Между тем утро уже подкралось, что никак не отразилось на освещении в камере: так же горела тусклая электрическая лампочка, и ничуть не стало светлее; но в коридоре уже слышался шум, громыхание засовов: водили на оправку, разносили завтрак — синеватую ячневую кашу, политую каким-то противным жиром, долгожданную пайку и кипяток. Тотчас же прибежала крыса, схватила кусок хлеба и, удовлетворенная, быстро шмыгнула под нары.

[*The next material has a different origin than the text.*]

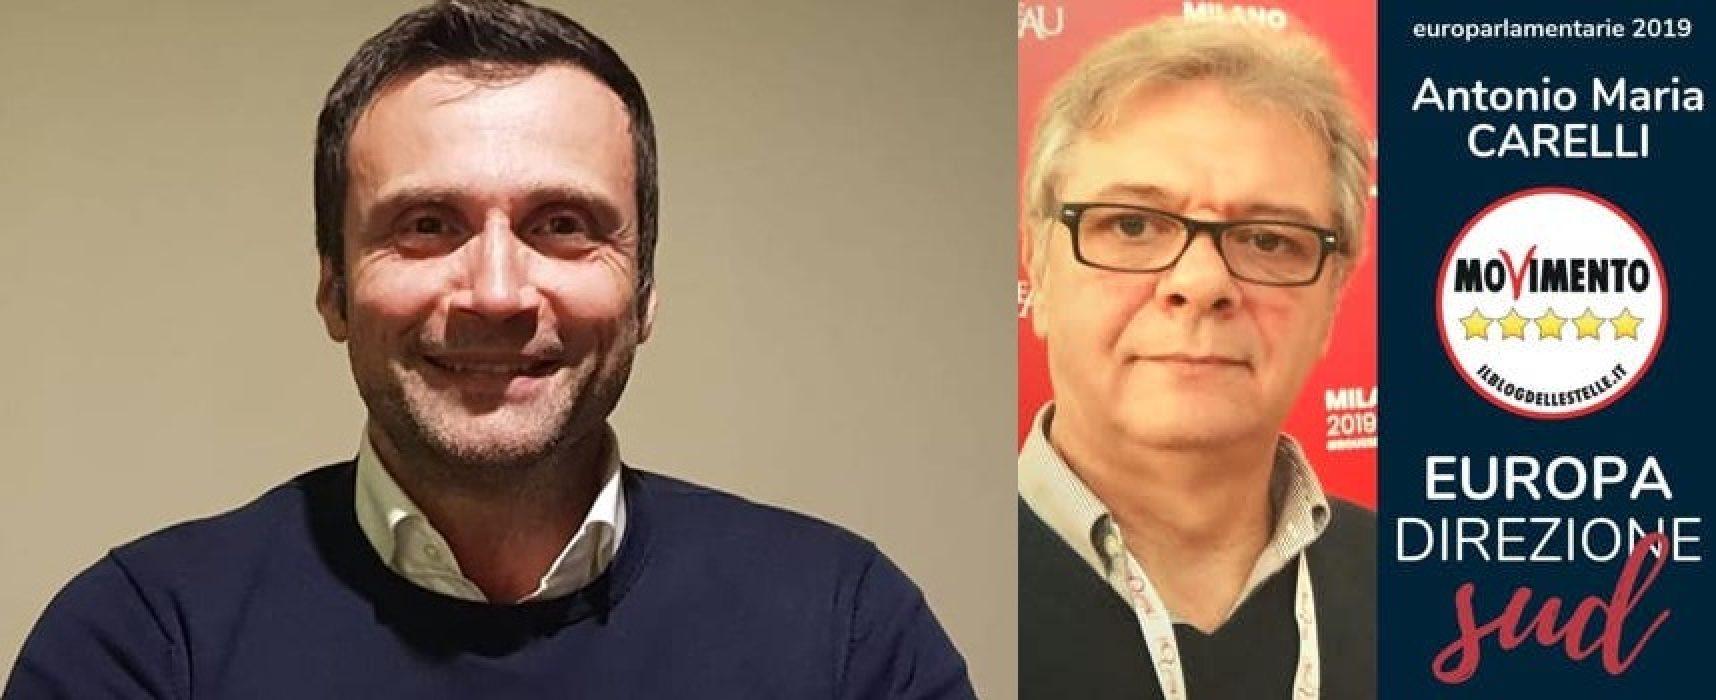 Europarlamentarie M5s, Mastrototaro e Carelli si fermano alla prima fase

Пожилой надзиратель, заметивший через глазок, что я кормлю ее, вошел в камеру и добродушно проворчал:
— Пошто ты ее, девка, кормишь, разведешь их здеся столько, что житья от них не будет; тут до тебя женщина сидела, так от этой крысы визжала на весь изолятор, покою не давала, а тебе хоть бы что.
— Житья нет и с крысами, и без них — крысы ничего не меняют.
Надзиратель покачал головой и запер камеру. Так текли дни — серые, безликие, одинаково беспросветные; надо было придумать хоть какое-то занятие, чтобы гнать от себя черные мысли. Я безуспешно пыталась добиться разрешения получать книги. Как-то, заметив в углу камеры на полу ржавый гвоздь, я нацарапала на нарах 64 клетки, из хлеба слепила шашки разной формы, чтобы играть за себя и за противника, но каждый раз ночью, когда я засыпала, крыса и мышиная мелюзга, которую я в расчет не принимала, поедали мои шашки, и я в конце концов предпочла хлеб съедать. По утрам, как молитву, я повторяла заученное наизусть письмо Бухарина «Будущему поколению руководителей партии». Нельзя было забыть ни единого слова, хотя в те дни похоже было, что оно, это письмо, уйдет со мной в могилу.